Dünya nüfusunun yüzde 53’ü ulusal sosyal koruma sistemlerinden hiçbir gelir güvencesi elde edemiyor.
ILO, "2020-2021 Dünya Sosyal Koruma" raporunu “Daha İyi Geleceği Ararken, Sosyal Koruma Yol Ayrımında” başlığıyla yayınlandı.
Örgütün açıkladığı raporda, küresel salgınla mücadelenin "dengesiz ve yetersiz" seyrettiği vurgulanarak, yüksek ve düşük gelirli ülkeler arasındaki açığın daha da derinleştiği, tüm insanların hak ettiği, çok ihtiyaç duyulan sosyal korumanın sağlanamadığı belirtildi.

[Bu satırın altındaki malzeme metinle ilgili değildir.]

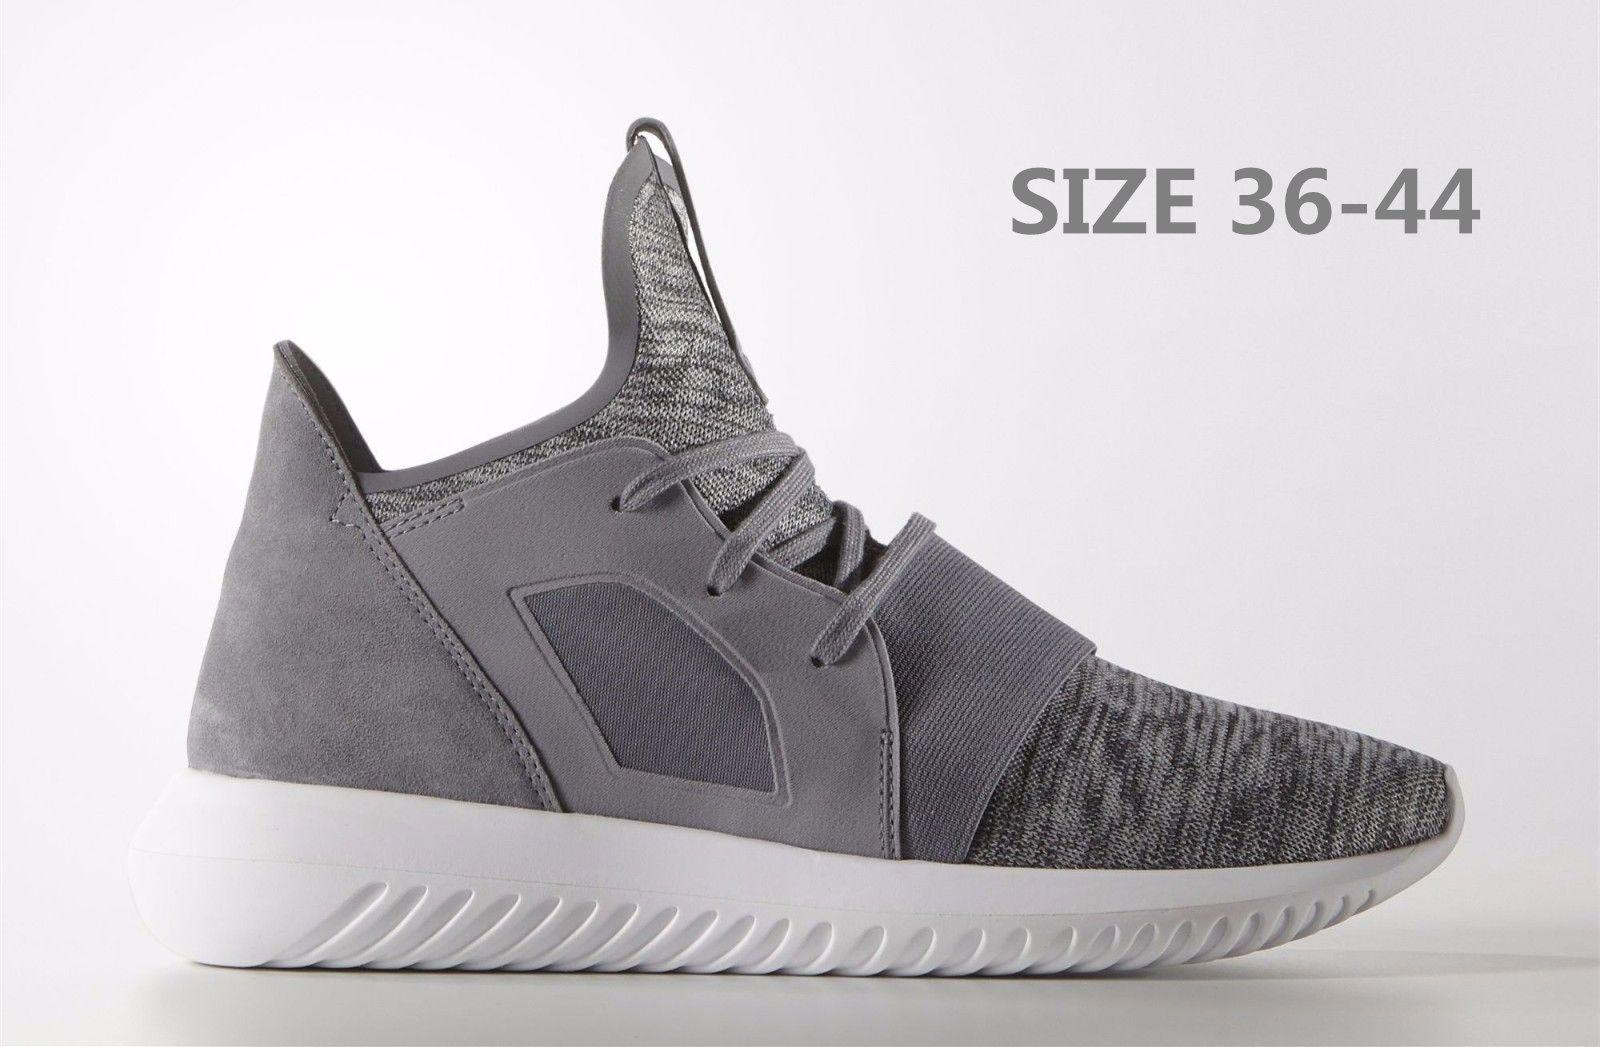 Ultra Boost uncaged LTD zapatos barato Adidas

Raporda, şu anda 4,1 milyar insanın (dünya nüfusunun yüzde 53’ü) ulusal sosyal koruma sistemlerinden hiçbir gelir güvencesi elde edemediği, dünya nüfusunun yalnız yüzde 47’sinin etkin olarak en az bir sosyal korumadan yararlandığı ortaya konuldu.
Sosyal korumada önemli bölgesel eşitsizliklerin olduğuna yer verilen raporda, dünyada en geniş sosyal güvenlik kapsamına sahip bölge olan Avrupa ve Orta Asya’da insanların yüzde 84’ü en az bir yardım kapsamında bulunurken, Afrika’da bu oranın yüzde 17,4 olduğu ortaya kondu.
- "Düşük gelirli ülkeler GSYH'nin yalnızca yüzde 1,1’ni sosyal korumaya harcıyor"
Raporda, dünyada çocukların büyük çoğunluğunun etkin sosyal korumadan yoksun durumda olduğuna işaret edilerek, dünyada yalnız dört çocuktan birinin sosyal koruma yardımı aldığı ifade edildi.
Sosyal korumaya ilişkin kamu harcamalarının önemli ölçüde değişkenlik gösterdiğine yer verilen raporda, “Ortalama olarak, ülkeler gayrisafi yurtiçi hasılalarının (GYSH) yüzde 12,8’ini sosyal korumaya (sağlık hariç) harcıyorlar. Öte yandan, yüksek gelirli ülkeler GSYH’lerinin yüzde 16,4’sını düşük gelirli ülkeler ise yalnız yüzde 1,1’ni sosyal korumaya harcıyor.” ifadesine yer verildi.
Raporda, finansman açığının (herkese en azından minimum sosyal korumayı sağlamak için gereken ek harcama) Kovid-19 krizi başladığından beri yaklaşık yüzde 30 arttığı belirtilerek, en azından temel sosyal koruma kapsamını güvence altına almak için, düşük gelirli ülkelerin her yıl ek olarak 77,9 milyar dolar, düşük-orta gelirli ülkelerin her yıl ek olarak 362,9 milyar dolar ve üst-orta gelirli ülkelerin her yıl 750,8 milyar dolar daha yatırım yapması gerekeceği vurgulandı.
ILO Genel Direktörü Guy Ryder, konuya ilişkin değerlendirmesinde, sosyal korumada ülkelerin yol ayrımında olduğunu belirterek, “Bu, yeni nesil hak temelli sosyal koruma sistemleri oluşturmak için, küresel salgınla mücadeleyi doğru yönlendirecek önemli bir adımdır. Bu önlemler, gelecek krizlerin insanlara olan etkisini azaltabilir, çalışanlara ve işletmelere ileride çeşitli geçişleri güven ve umutla başarmaları için güvence sağlayabilir. Etkili ve kapsamlı sosyal korumanın yalnız sosyal adalet ve insana yakışır işlerin değil, aynı zamanda sürdürülebilir ve dayanıklı bir gelecek oluşturmanın da temeli olduğunu bilmeliyiz.” diye konuştu.
Uluslararası Çalışma Örgütü'ne göre sosyal koruma, başta yaşlılık olmak üzere sağlık hizmetleri ve gelir güvencesine erişim, işsizlik, hastalık, maluliyet, iş yerinde yaralanma, çocuklu aileler için doğum veya haneye temel geliri sağlayan kişinin kaybedilmesi hallerini kapsıyor.